The poem that generated the strongest reaction from me (along with my favorite painting in the book, “A Dance by the Sea” by Charles-Amable Lenoir) is titled “dance”:
three ladies dance—
a devil, an angel,
and the one I love
disordered magic
when our lips begin to brush—
how did it get this far?
fluttered lips—
she begins and ends
with a moan
pale as blue fire—
she draws me down
to her ruined town
[There is more. I felt rage—a ruined town?!—when suddenly he turned on her. However brilliant, I find this poem unnerving.]
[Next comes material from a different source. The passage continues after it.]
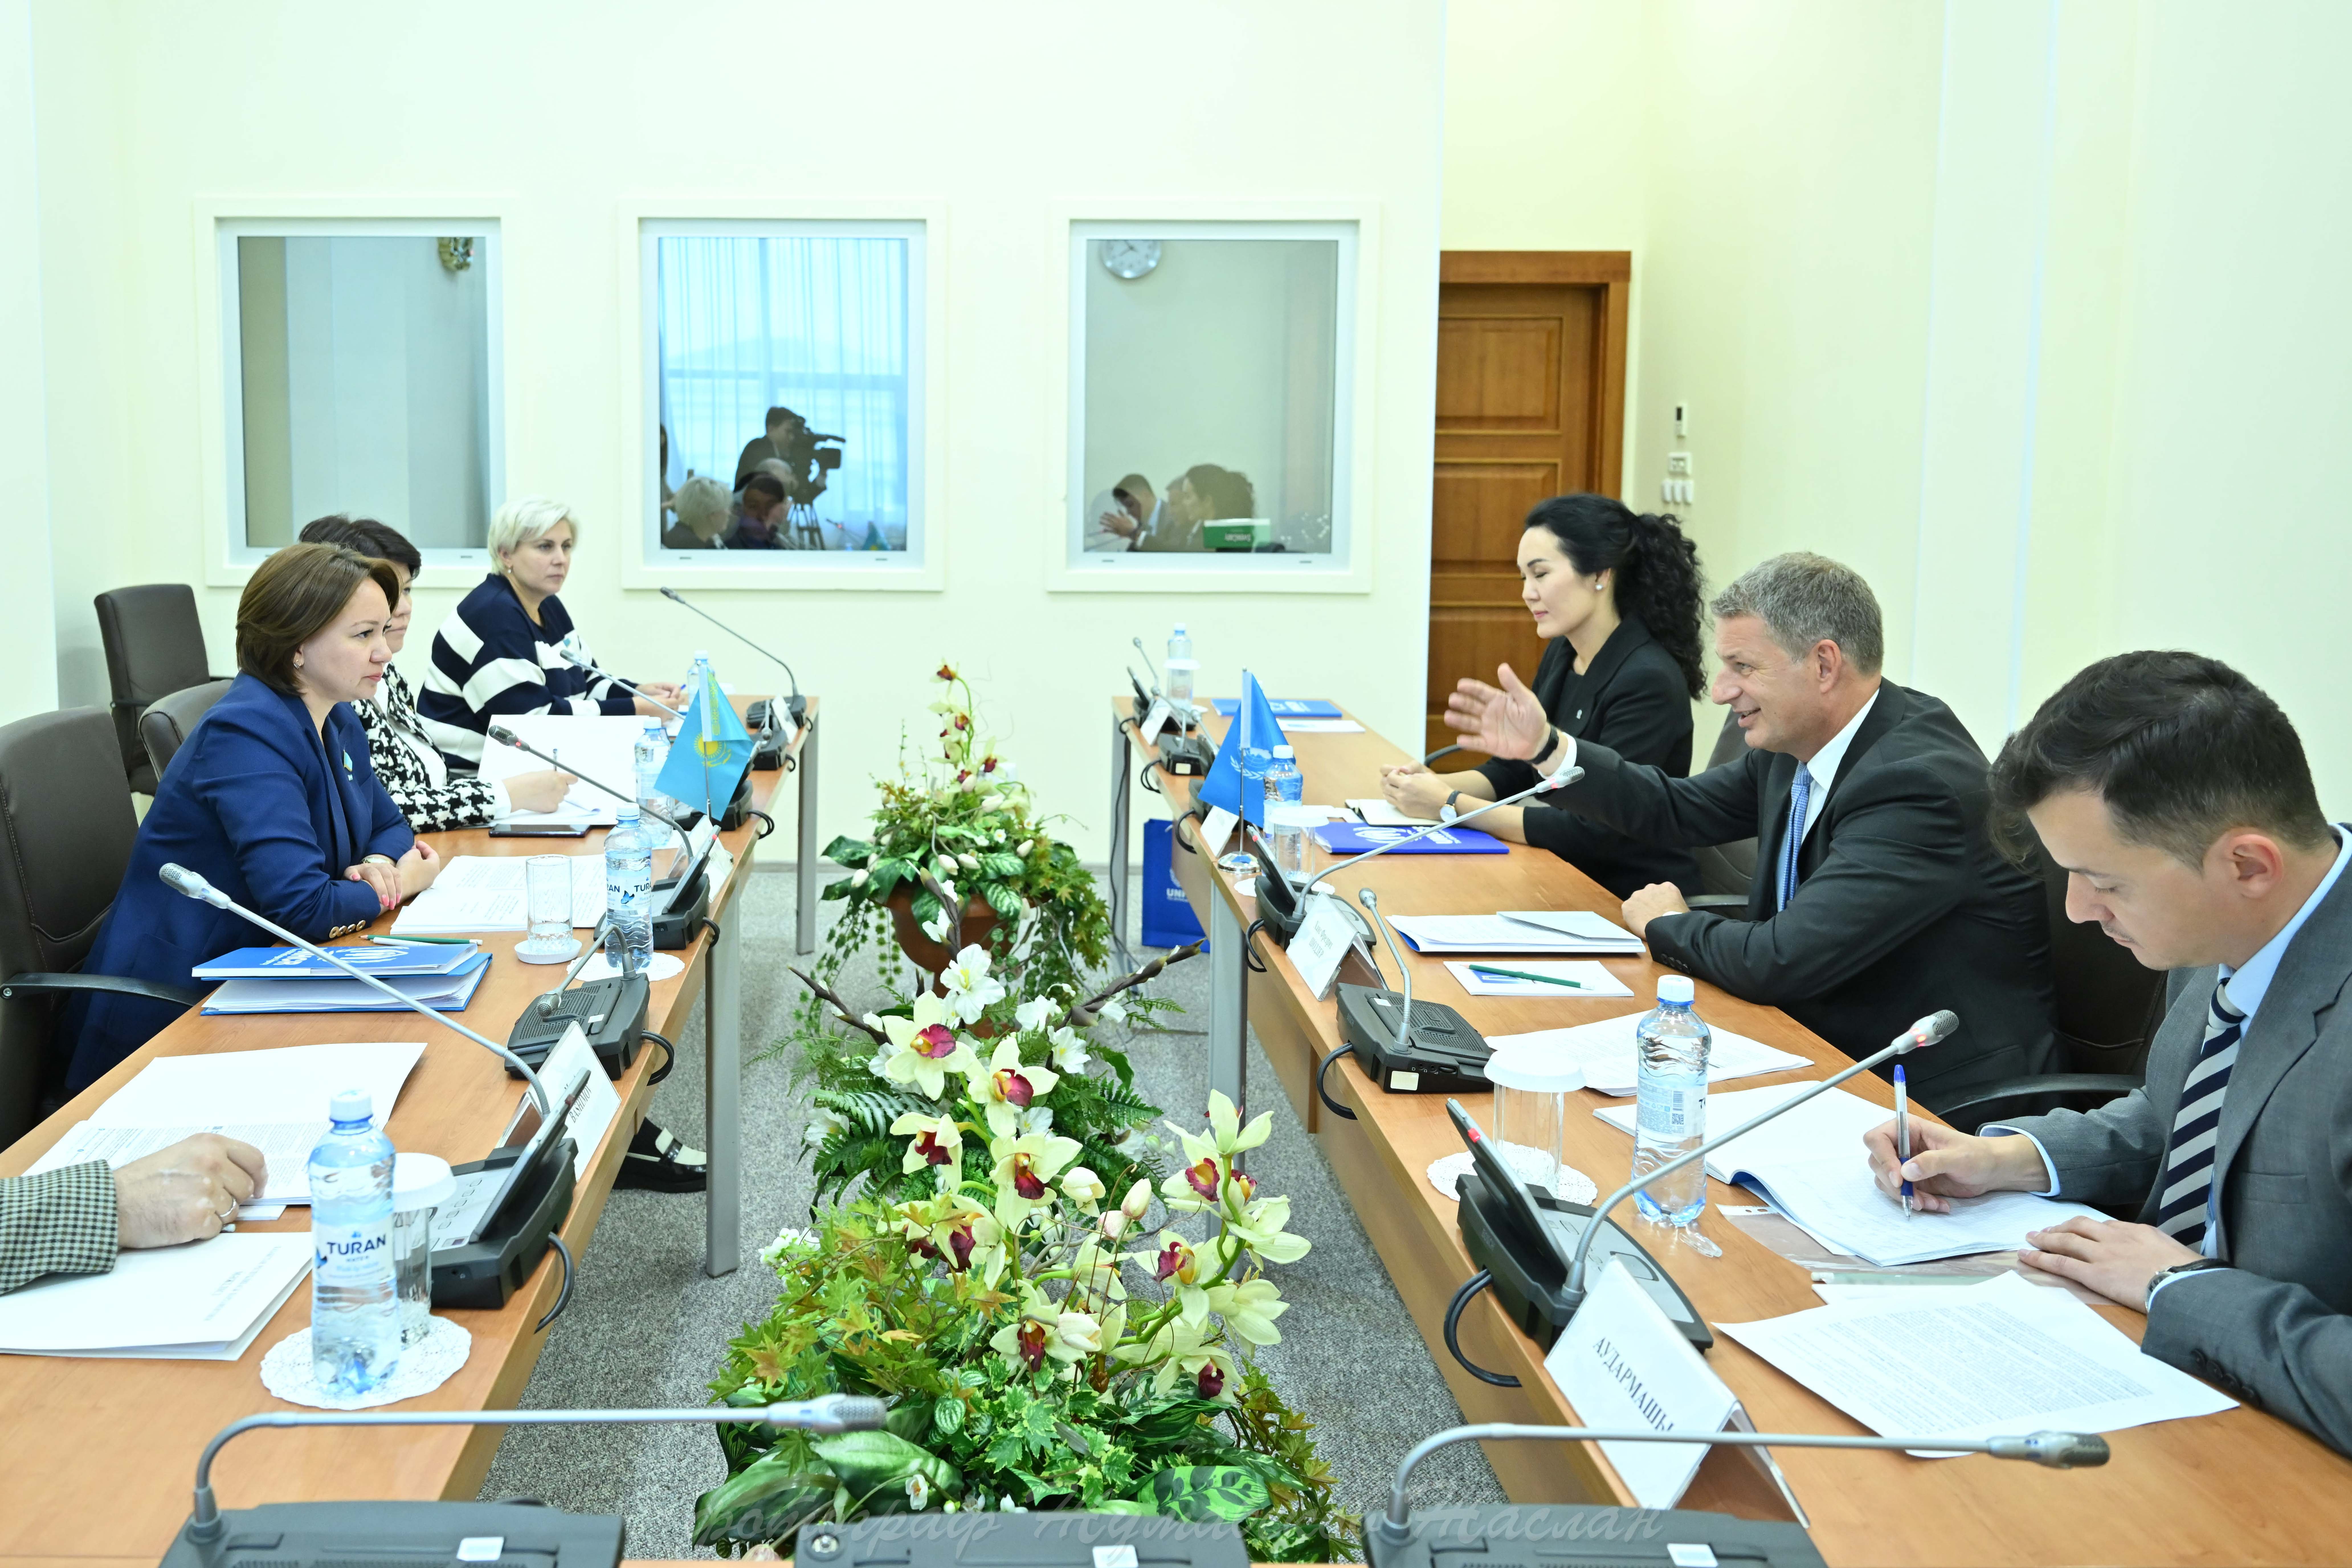 Сегодня состоялась встреча с Представителем Управления Верховного комиссара ООН по делам беженцев по Центральной Азии Х.Шоддером

Watson crafts his poetry with an extremely fine hand, sometimes ignoring catastrophic events and focusing on small moments between them. A tragedy is that love, “whose water path has run,” comes to an end. A woman, thus brutalized, let us say, has just been hit with this. Before her response, there is this “in-between moment”—all of us know it—when she is simply stunned:
she sits there
silent as an owl
with blinking eyes
How powerful this becomes when you know what happened just before it. He does not tell you what happened. It is for us to decide.
Many poems are short, tightly controlled. They may be gentle or searing. But some of the poetry swings in great arcs. In the poem titled “origins,” we find another
“in-between” moment:
in the quiet
stirrings before
the world wakes
And then, in “entangled,” he swings from a great height, where:
upside-down
the world sails forth
through pond water trees
where:
the branches
of her desire
entangle me
wherever I go
down to:
those eyes that flicker
like sunlit grass between
the fallen leaves
This rhythm of expansion and contraction, which appears in other poems, makes me feel swung in the air.
The poems are unforgettable—both those evoking the wonder of the dark, soft earth, and the ones that made me feel brutalized or brokenhearted.
Within Frank Watson's rare and thrilling dance of disordered magic lies even more evidence of this artist's genius.
Arlene Sanders is the author of Tiger Burning Bright (Jefferson Press, 2008), and has seen her work apear in a variety of journals, including Cairn, Cantaraville, Dos Passos Review, Edgar Literary Magazine, Georgia State University Review, Iconoclast, MacGuffin, Mindprints, New Works Review, Perigee, Pindeldyboz, Sanskrit, Slow Trains, Sound and Literary Art Book, Southern Hum, Sugar Mule, Taj Mahal Review, Terra Incognita, Tertulia Magazine, The Dublin Quarterly, Willard & Maple, and Writer's Post Journal.